Sometime after I met him, Mottele had fallen in love with a woman named Zina, who was known for her beauty. She was blonde, tall and the daughter of a rich Warsaw family. One year, she was elected the Queen Esther of the Yiddish literary masked ball. She had married and divorced a rich young man, a lawyer. From her parents, she had inherited a large sum of money that evaporated with inflation. Zina was a distant relative of Mottele's. They had a large, noisy wedding.
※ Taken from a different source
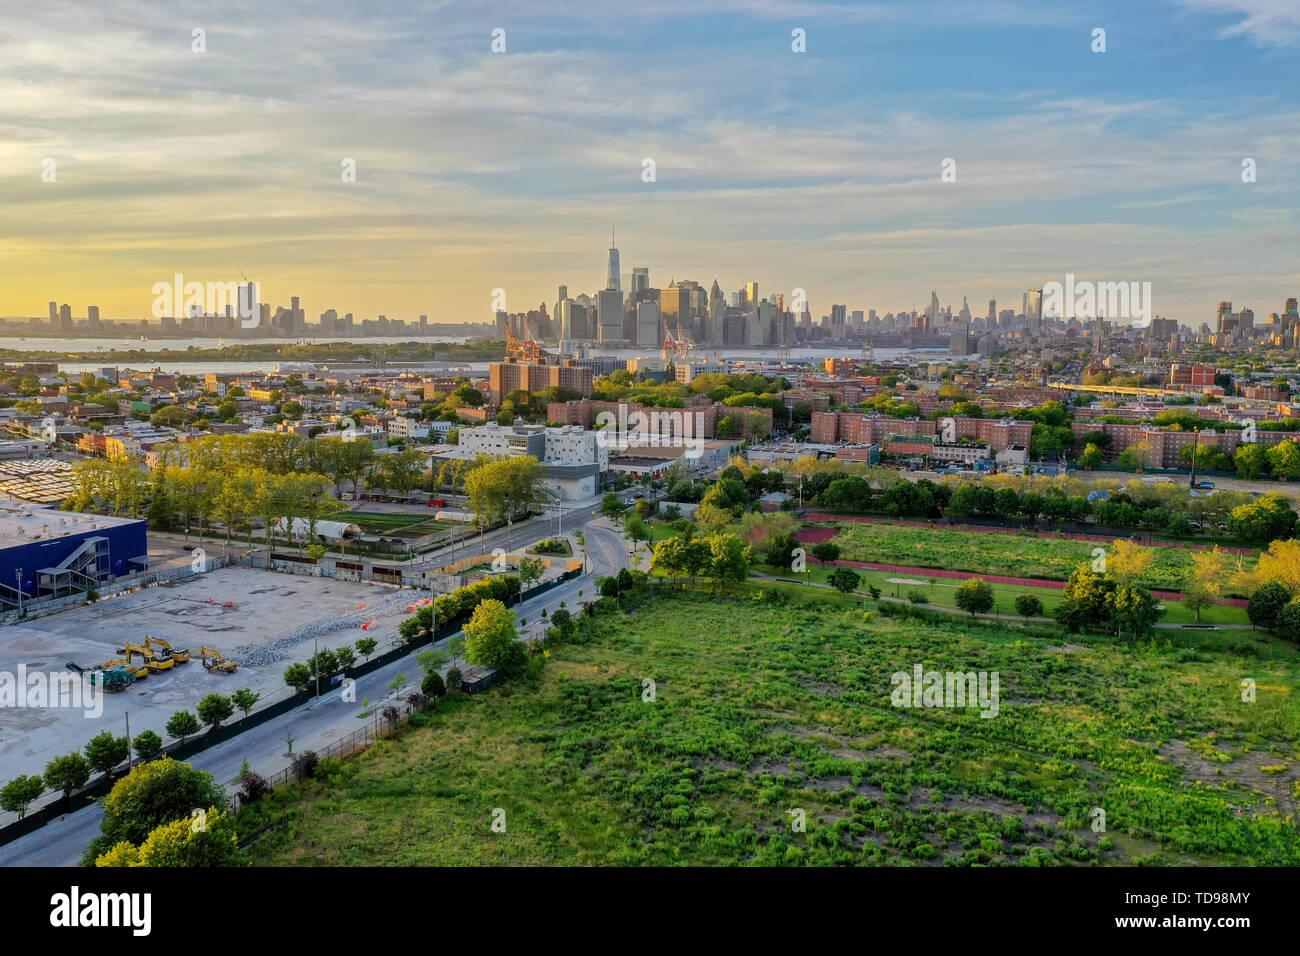 The Red Hook Grain Terminal in the Red Hook neighborhood of Brooklyn, New York. - Stock Image
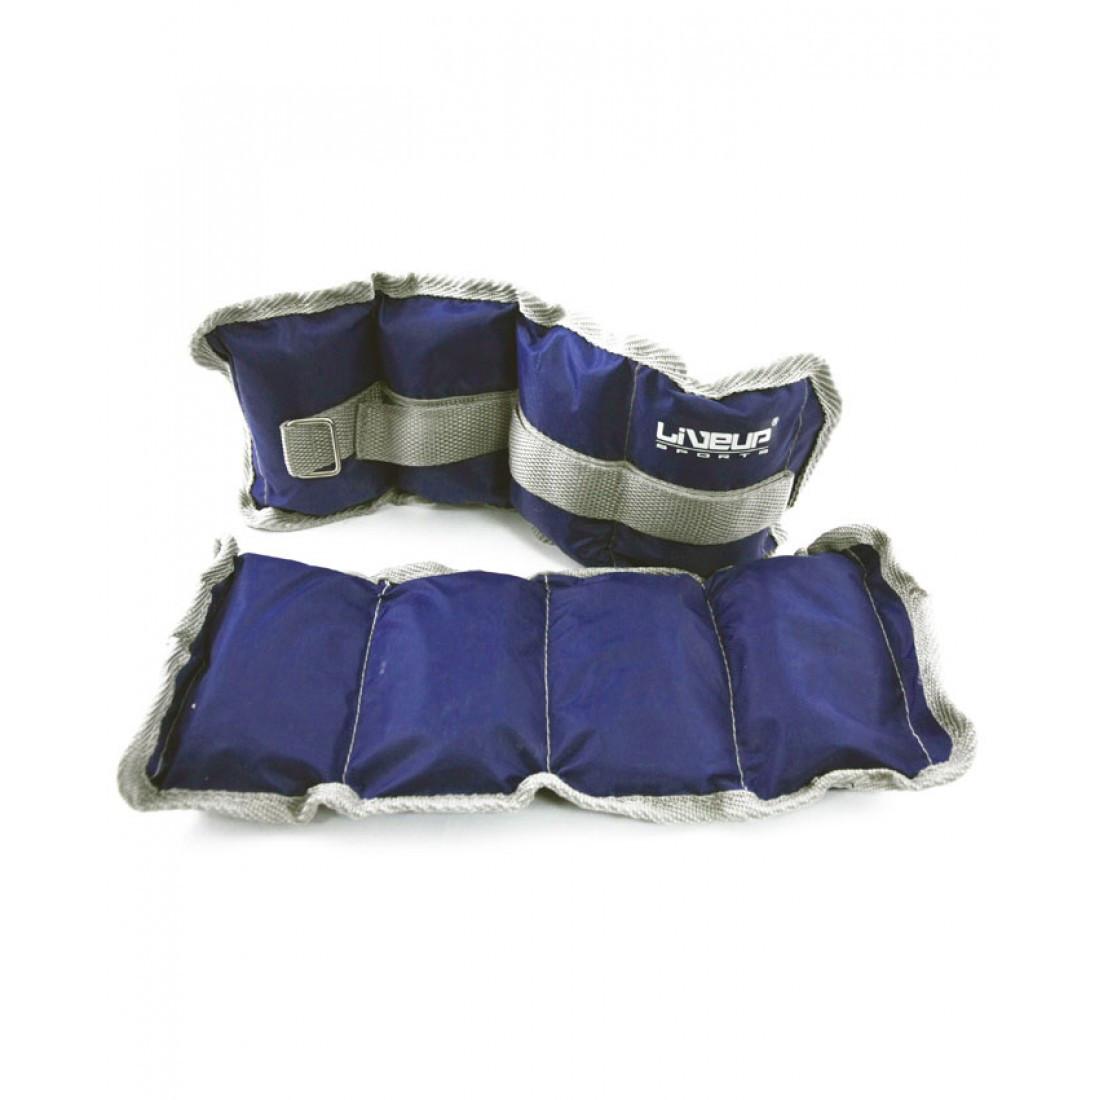 Утяжелители-манжеты для рук и ног LiveUp Wrist/Ankle Weight 2шт х 1 кг

Those who knew the bride and the groom foresaw that the match wouldn't last long. Mottele was gentle and weak, while Zina was robust. Her first husband, the lawyer, said openly that his ex-wife was a nymphomaniac. There were rumors in the Writers' Club that she had invited all her former lovers to the wedding. An intimate friend had learned that Zina confessed all her sins to Mottele but he contended that he was not jealous about the past and that he would give her full freedom in the future. Mottele was supposed to have told her, ''The roots of both of our souls are in the sephira of splendor, and in those spheres, sins are virtues.''
One of Zina's lovers, whom she was supposed to have cared for most, was the writer Benjamin Rashkes. She told Mottele that she could never forget Rashkes. When he was forced to move from his bachelor's furnished room because he had impregnated the maid in his boarding-house, Zina offered him a study in her new, spacious apartment. She put in a sofa, a writing table and even a Yiddish typewriter imported from America so that Rashkes could work there whenever the Muse granted him inspiration. The trouble was that he was less and less inspired to write. He poured all his energies into so many would-be love affairs that he had no time for anything else.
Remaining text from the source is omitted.